Health Check Endpoints
Adama exposes HTTP endpoints for health monitoring. These are meant for load balancers, orchestrators, and whatever monitoring system you're running.
Basic Health Check
The basic health check confirms the server is up and accepting connections:
GET /~health_check_lb
Response when healthy:
200 OK
It's lightweight -- suitable for frequent polling by load balancers.
Deep Health Check
The deep health check does internal verification:
GET /~deep_health_check_status_page
This endpoint verifies:
- Core services are running
- Document runtime is operational
- Internal components are healthy
Use this for more thorough monitoring, but at lower frequency. It does actual work internally, so don't hammer it.
Custom Health Check Paths
You can configure custom paths in your web configuration:
{
"http-health-check-path": "/health",
"http-deep-health-check-path": "/health/deep"
}
Handy when integrating with existing monitoring infrastructure that expects specific paths.

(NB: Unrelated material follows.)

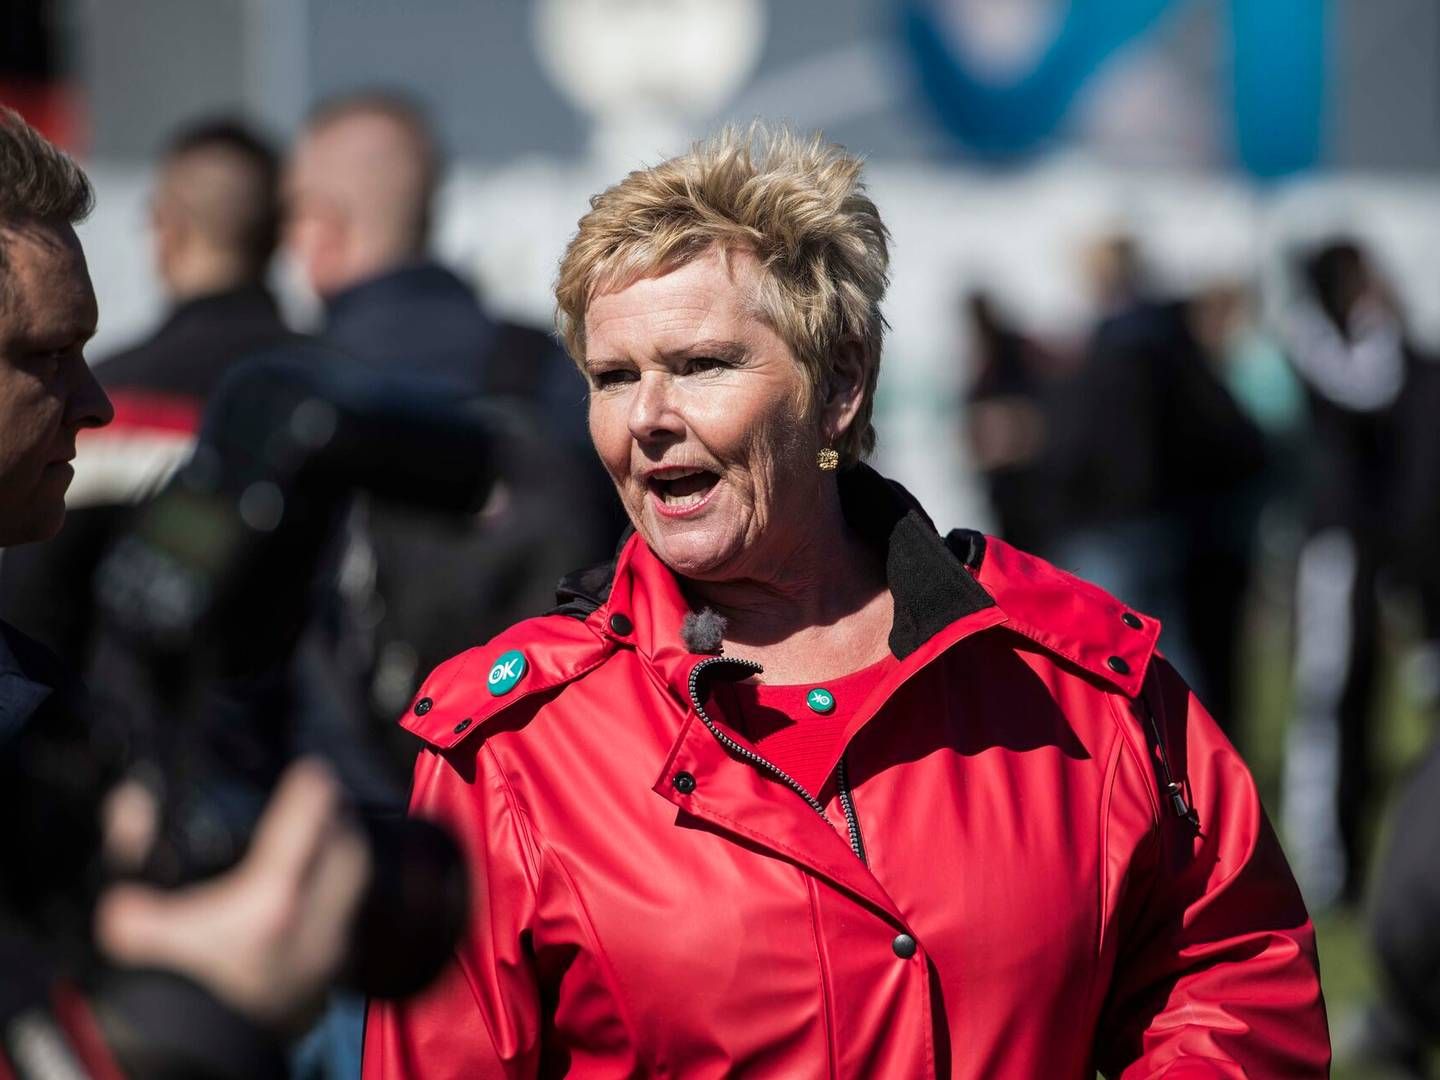 Tdiligere FH-formand Lizette Risgaard afviser nu at have udvist grænseoverskridende adfærd. | Foto: Tidsvilde Stine/Ritzau Scanpix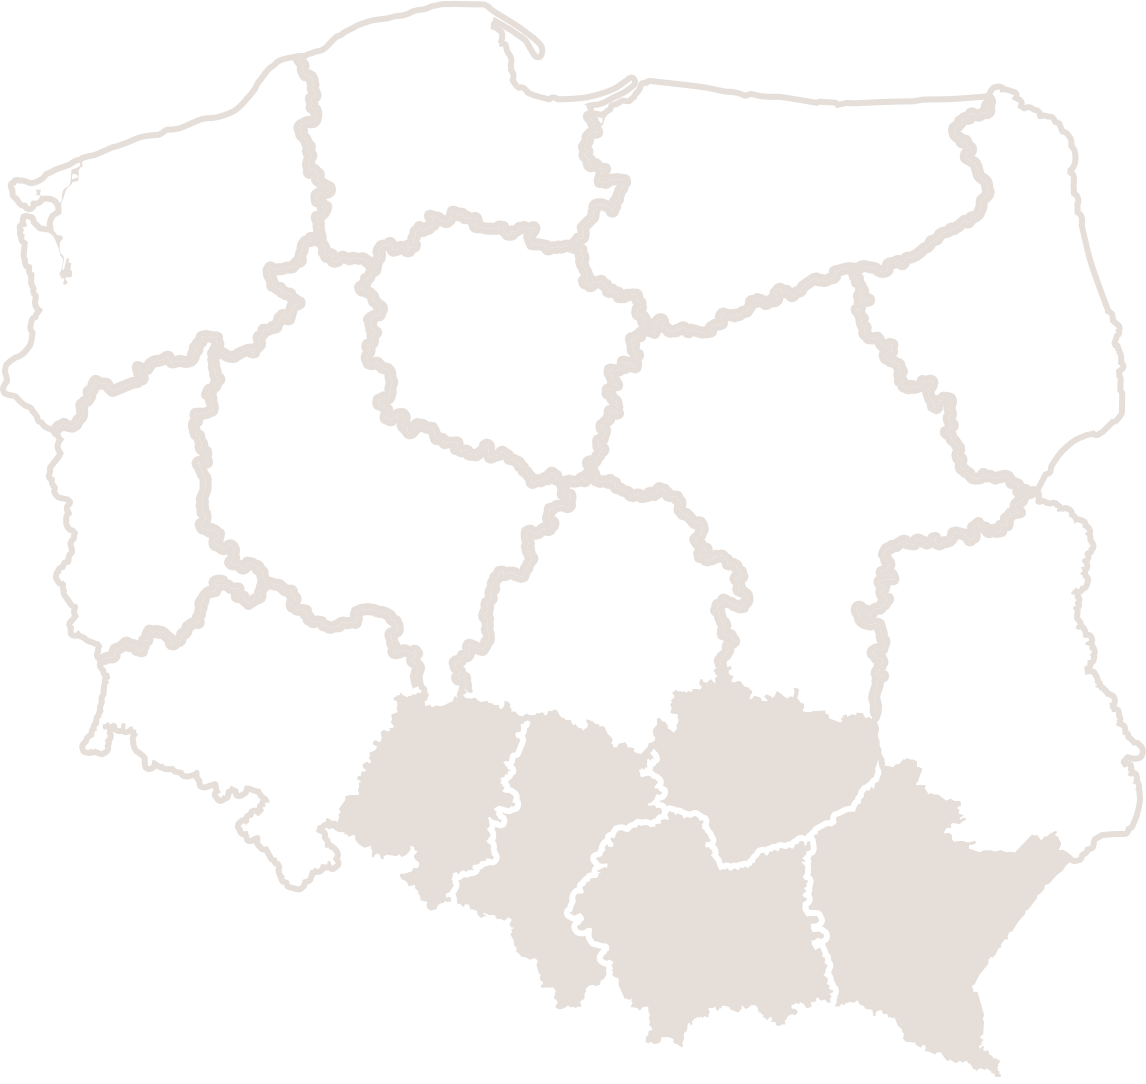 Dział handlowy - regiony: opolskie, śląskie, małopolskie, podkarpackie, świętokrzyskie

Load Balancer Configuration
When using a load balancer, configure it to poll the health endpoint:
# Example HAProxy configuration
backend adama_servers
option httpchk GET /~health_check_lb
http-check expect status 200
server adama1 10.0.0.1:8080 check inter 5s
server adama2 10.0.0.2:8080 check inter 5s
For Kubernetes:
livenessProbe:
httpGet:
path: /~health_check_lb
port: 8080
initialDelaySeconds: 10
periodSeconds: 5
readinessProbe:
httpGet:
path: /~deep_health_check_status_page
port: 8080
initialDelaySeconds: 15
periodSeconds: 10
Built-in Metrics
Adama's runtime collects metrics about document operations, connections, and resource usage. These feed into the platform's monitoring infrastructure.
Core Metrics
The runtime tracks:
| Metric Category | What It Measures |
|---|---|
| Document Operations | Creates, loads, saves, deletes |
| Connection Metrics | Active connections, connection rate, disconnections |
| Message Processing | Messages received, processed, errors |
| State Machine Events | State transitions, blocked states |
| Memory Usage | Documents loaded, memory per document |
Metering
Adama tracks resource consumption for billing and capacity planning:
- CPU time: Processing time per document
- Storage: Data size per document
- Bandwidth: Network transfer per connection
- Operations: API calls per document
Accessing Metrics
Metrics are available through the platform API. For self-hosted deployments, integrate with your monitoring stack using the metrics factory pattern:
// Custom metrics integration
MetricsFactory factory = new PrometheusMetricsFactory();
CoreMetrics coreMetrics = new CoreMetrics(factory);
Logging
Good logging is the difference between "I know what went wrong" and "I have no idea what went wrong." Adama supports configurable logging at multiple levels.
Log Levels
| Level | Use Case |
|---|---|
| ERROR | Unrecoverable errors, system failures |
| WARN | Recoverable issues, degraded performance |
| INFO | Normal operations, significant events |
| DEBUG | Detailed operational information |
| TRACE | Very detailed debugging information |
Logging Configuration
Configure logging through your Java logging framework. For Logback:
<configuration>
<appender name="STDOUT" class="ch.qos.logback.core.ConsoleAppender">
<encoder>
<pattern>%d{HH:mm:ss.SSS} [%thread] %-5level %logger{36} - %msg%n</pattern>
</encoder>
</appender>
<appender name="FILE" class="ch.qos.logback.core.rolling.RollingFileAppender">
<file>logs/adama.log</file>
<rollingPolicy class="ch.qos.logback.core.rolling.TimeBasedRollingPolicy">
<fileNamePattern>logs/adama.%d{yyyy-MM-dd}.log</fileNamePattern>
<maxHistory>30</maxHistory>
</rollingPolicy>
<encoder>
<pattern>%d{ISO8601} [%thread] %-5level %logger - %msg%n</pattern>
</encoder>
</appender>
<root level="INFO">
<appender-ref ref="STDOUT" />
<appender-ref ref="FILE" />
</root>
<!-- Verbose logging for Adama internals during debugging -->
<logger name="ape" level="DEBUG" />
</configuration>
Structured Logging
For production, use structured logging so your log aggregation system can actually parse things:
<encoder class="net.logstash.logback.encoder.LogstashEncoder">
<customFields>{"service":"adama","environment":"production"}</customFields>
</encoder>
This outputs JSON-formatted logs suitable for Elasticsearch, Splunk, CloudWatch, or whatever you're using.
Log Aggregation
Centralize your logs. Pick your approach:
- File-based: Use Filebeat or Fluentd to ship logs
- Network-based: Configure a network appender to send directly
- Container-based: Log to stdout and let the orchestrator handle aggregation
What to Log
Focus on actionable information. Logging everything is just as bad as logging nothing -- you end up drowning in noise.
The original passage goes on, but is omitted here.